Canadian firms now spend just 58 cents per worker on investment for every dollar that U.S. companies do, Robson calculates, a trend that has worsened through the pandemic. It's the worst gap since at least the start of the 1990s, and more acute for more cutting-edge computer equipment. Canada is also a laggard on investment per worker against OECD nations.
The Bank of Canada has said the economy is more vulnerable with growth being led by consumer spending fueled by debt and less by business spending and exports.

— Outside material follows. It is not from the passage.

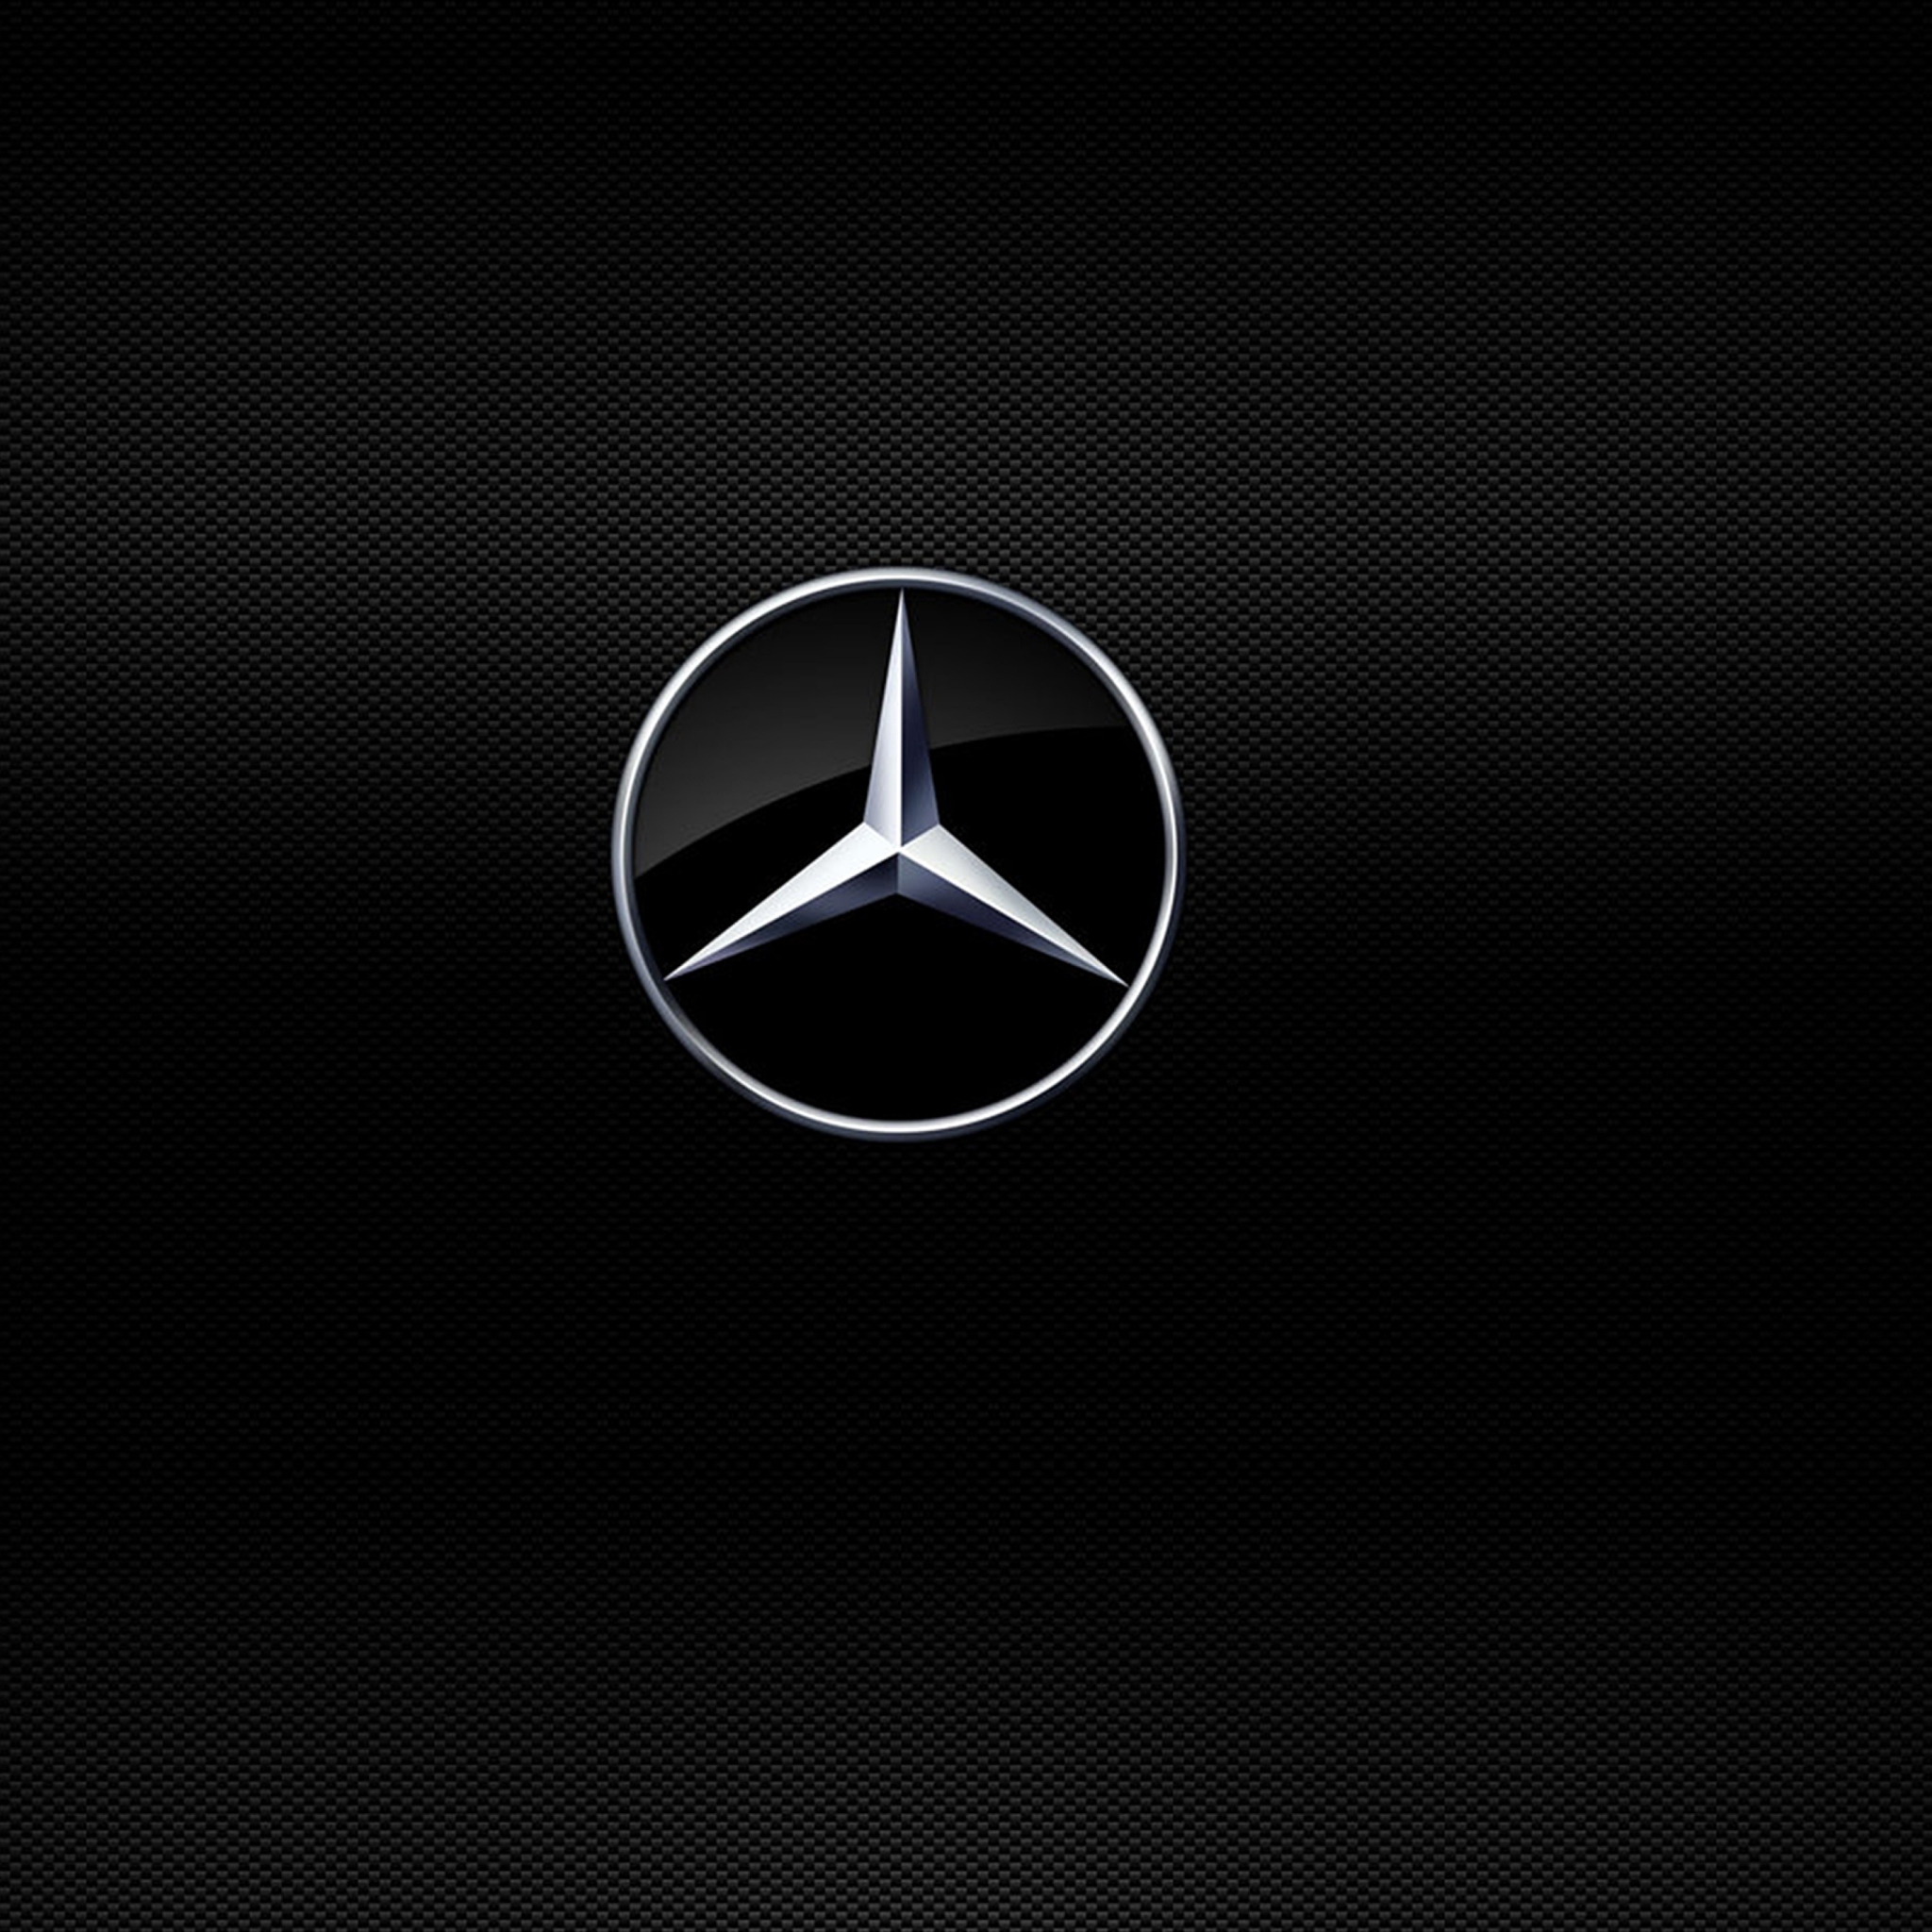 Mercedes Logo Wallpaper For Ipad Mini 2ベンツ モノトーン系 ブラック ホワイト Ipadタブレット壁紙 画像 Naver まとめ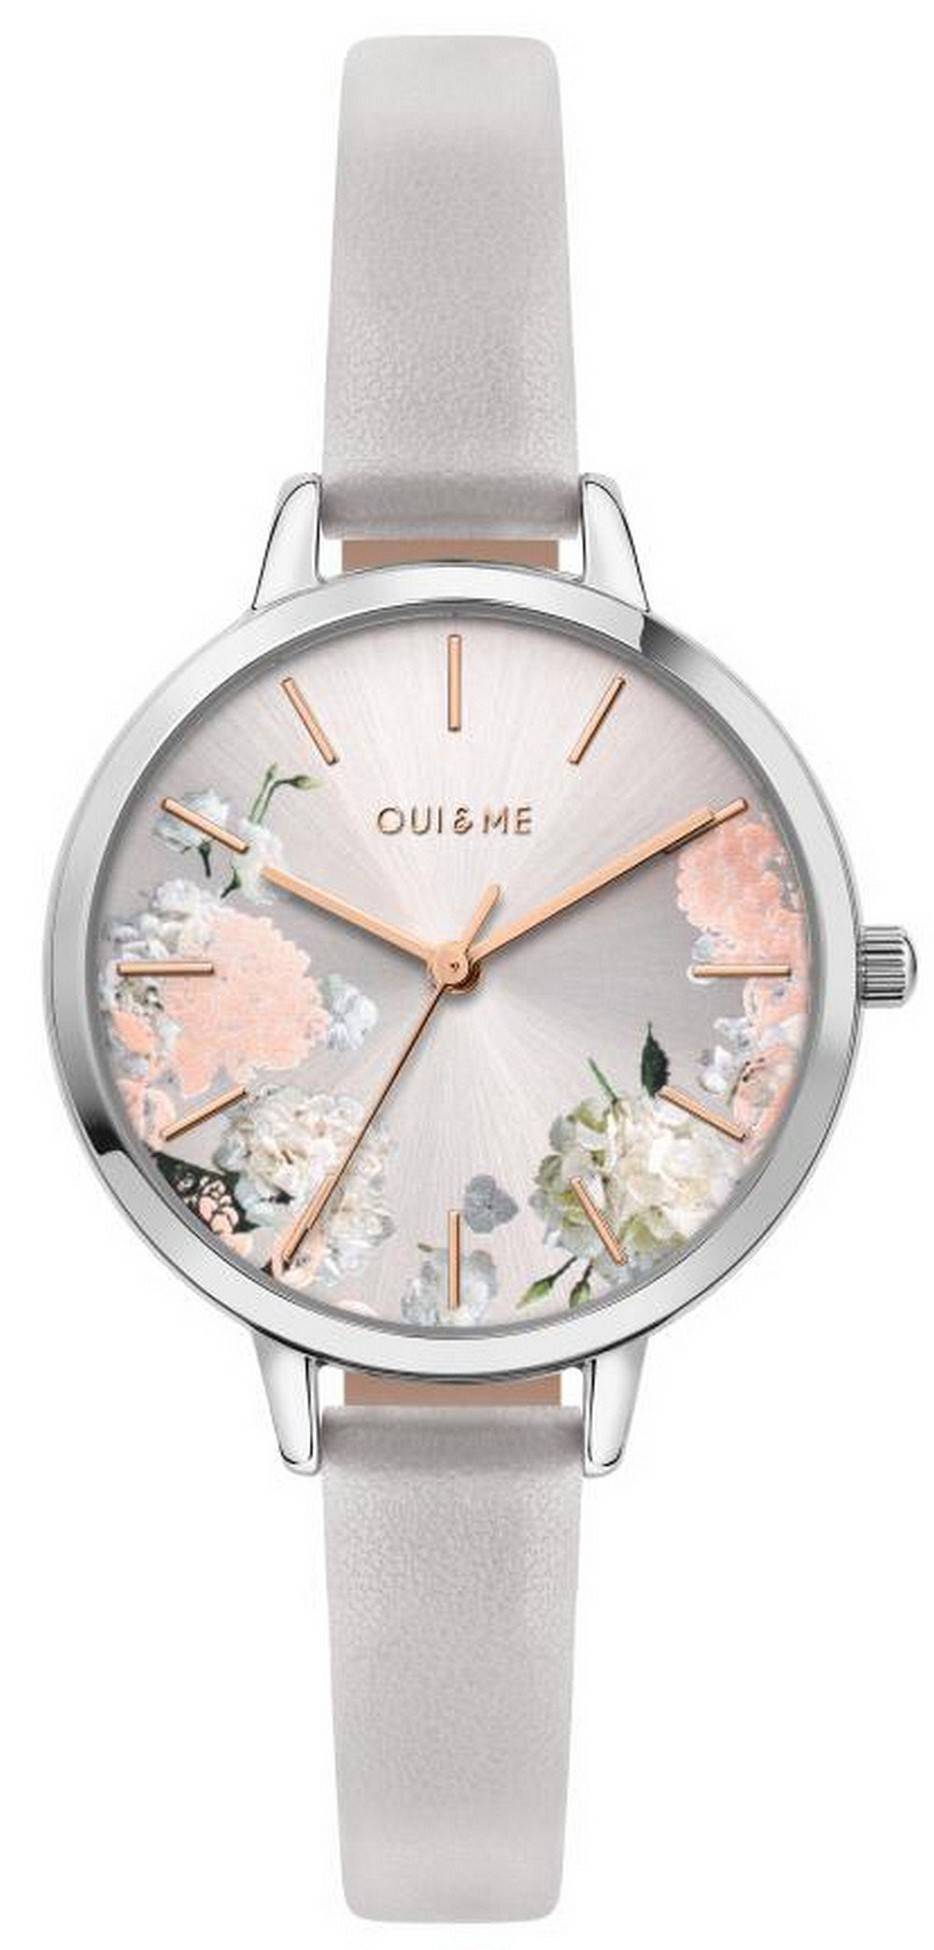 Oui & Me Petite Fleurette Silver Dial Leather Strap Quartz ME010098 Women's Watch

It's unclear exactly why Canadian firms are investing less, but arguments include uncompetitive tax rates, trade restrictions between provinces and costly regulations, Robson said. There was a period in the early 2000s where the gap narrowed, and that might have been the result of some liberalization of business conditions in Canada, he said.
REFUNDABLE TAX CREDITS
While major corporate tax cuts in the U.S. under Donald Trump also hurt Canada's relative business costs, Joe Biden's proposed increase won't help Canada much, Robson said. That tax hike may also slow U.S. economic growth, Robson said, and Canada sends three-quarters of its exports there.
Nudging companies to invest more and raise their competitiveness is a clearer way to help Canada's economy, Robson said. One way to do that would be short-term refundable tax credits for new investment, he said.
"Compared to the government spending another hundred billion dollars, most of which is going to be here today, gone tomorrow, there's just no comparison," Robson said.